You can skip that step and simply list the car for sale online (or put up an online auction) to see if any private buyers are interested. If you do this, be sure to include as much detail in the ad as you can about what’s wrong with the car to ensure you’re not misleading anyone. Take detailed pictures of all the damaged areas - as well as the undamaged bits. If relevant, tell buyers that the car cannot be driven and will need to be taken on a trailer.

A car auction will be a good way of selling at a price buyers are willing to pay. You can get an idea of your broken car’s value by searching for similar cars; often the term “spares or repairs” is used for vehicles like this. Buyers of damaged or broken cars are more likely to be fully aware of the car’s value, but you should know how much they will pay too so you don’t get ripped-off. Some older or classic cars can be worth a lot more than scrap value even in very poor condition. 

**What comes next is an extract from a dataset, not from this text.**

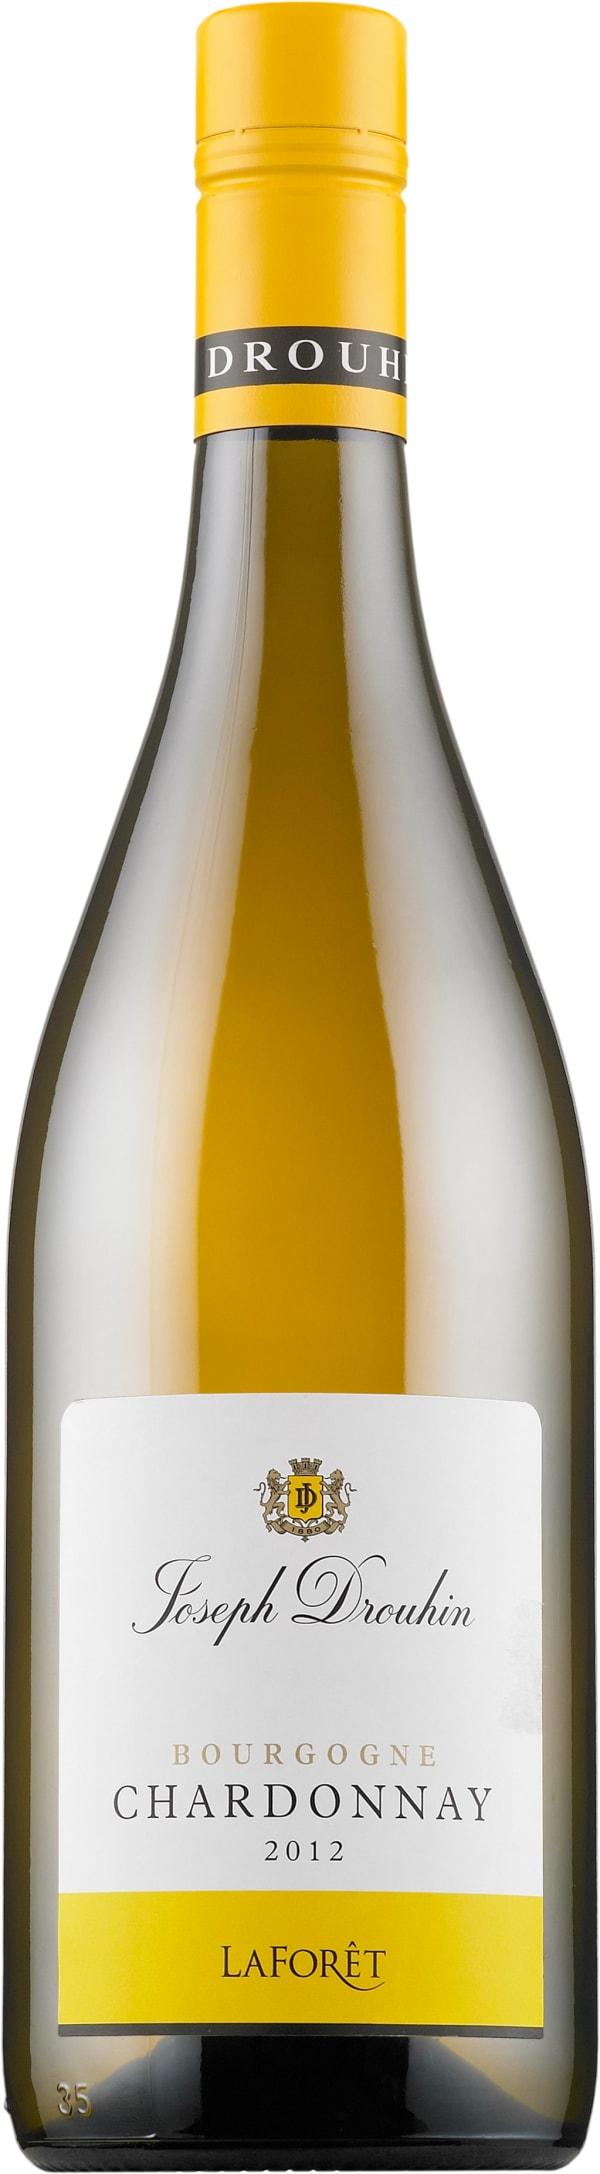 Joseph Drouhin Laforêt Chardonnay 2018

Paperwork and legality of selling a written-off car

Make sure that you have as much paperwork as possible relating to your car and particularly the damage. Any insurance documentation, especially information on it being category A, B, S or N - and/or MOT failure sheets - will be needed. Always be completely clear with a buyer about the state the car is in physically and legally, as a category A or B car cannot be made legal to drive on the road, but it’s not illegal to buy or sell.

On the other hand, if you have proof that the engine or gearbox was cared for with regular servicing and was in good order, and was not damaged in an accident at all, then this can be a big selling point as it can be put to use in another car. It’s the same for bodywork in a non-runner: your car’s engine might be broken, but if the bodywork is good, it can be reused on a car that does run. These factors will help you get the most value from selling a broken car - make sure to inform any potential buyers about the good points as well as the bad.

You’ll need the V5C document to sell or scrap a car, which you should always keep in a safe place as a car owner no matter what state it’s in. You can transfer ownership using the forms by post or do it online - just don’t do this until you’ve been paid.